Copyright (C) 2023 by John Kitchin. See the License for information about copying.

org-mode source

Org-mode version = 9.5.5

Discuss on Twitter

Update on finding the minimum distance from a point to a curve

| categories: optimization | tags:

Almost 10 years ago I wrote about finding the minimum distance from a point to a curve using a constrained optimization. At that time, the way to do this used scipy.optimize.fmin_coblya. I learned today from a student, that sometimes this method fails! I reproduce the code here, updated for Python 3, some style updates, and to show it does indeed fail sometimes, notably when the point is "outside" the parabola.

import numpy as np
import matplotlib.pyplot as plt
from scipy.optimize import fmin_cobyla

def f(x):
    return x**2

for P in np.array([[0.5, 2],
                   [2, 2],
                   [-1, 2],
                   [-2, 2],
                   [0, 0.5],
                   [0, -0.5]]):
    
    def objective(X):
        X = np.array(X)
        return np.linalg.norm(X - P)

    def c1(X):
        x,y = X
        return f(x) - y

    X = fmin_cobyla(objective, x0=[P[0], f(P[0])], cons=[c1])

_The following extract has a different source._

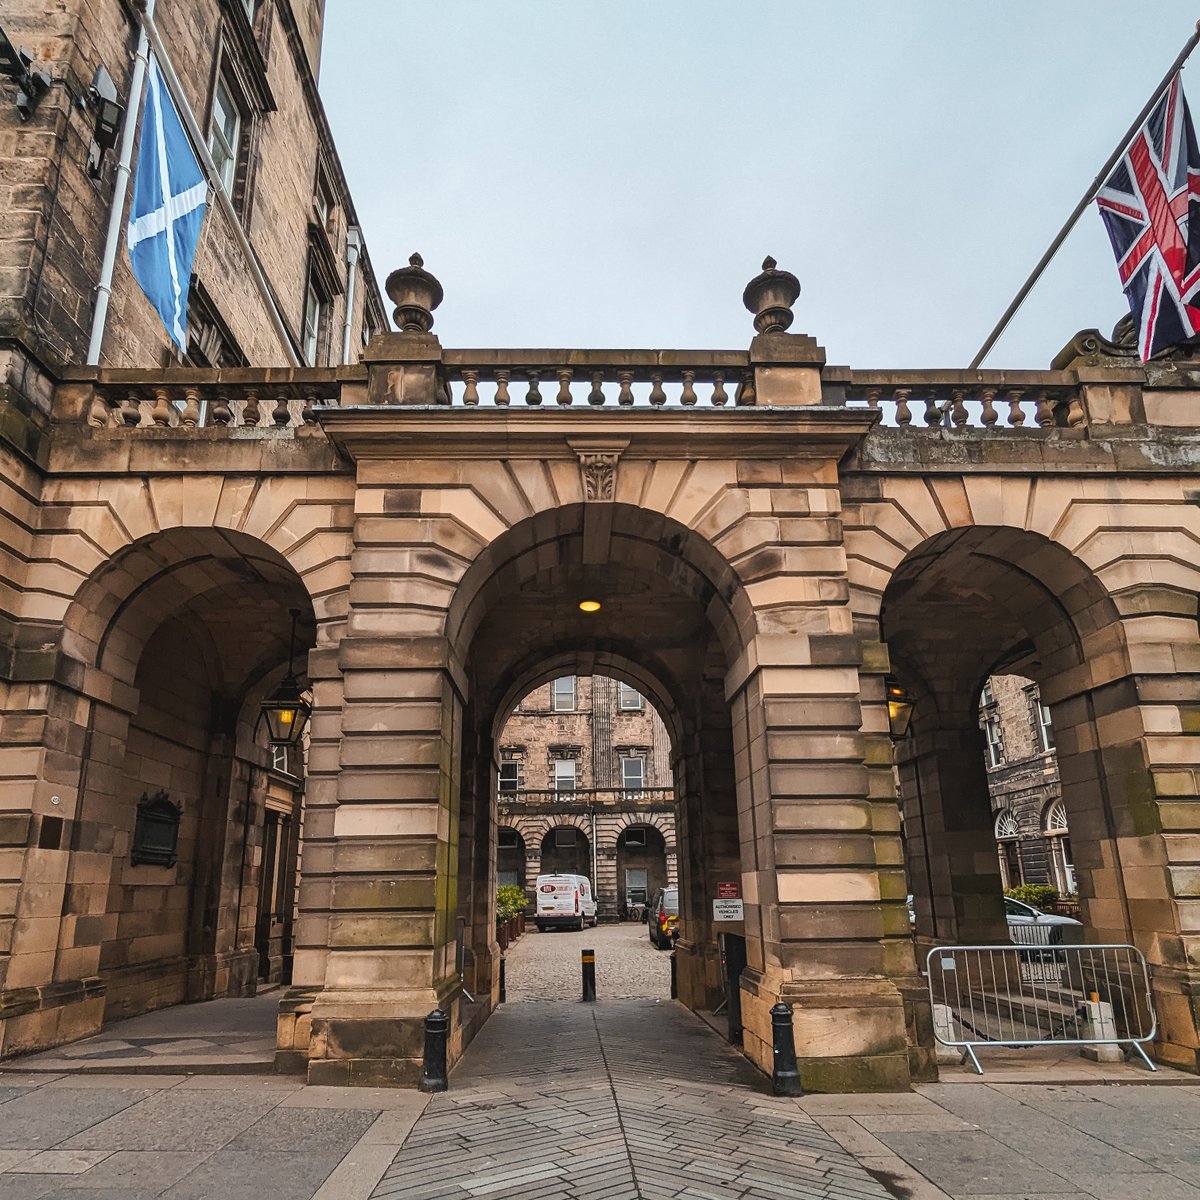 In 1753, the building of the Royal Exchange began. Prior to this building stood 4 closes - Mary King's Close, Stewart's Close, Pearson's Close and Allen’s Close. In 1811, it was acquired by the city council and rebranded as the City Chambers Building.

    print(f'The minimum distance is {objective(X):1.2f}. Constraint satisfied = {c1(X) < 1e-6}')

    # Verify the vector to this point is normal to the tangent of the curve
    # position vector from curve to point
    v1 = np.array(P) - np.array(X)
    # position vector
    v2 = np.array([1, 2.0 * X[0]])
    print('dot(v1, v2) = ', np.dot(v1, v2))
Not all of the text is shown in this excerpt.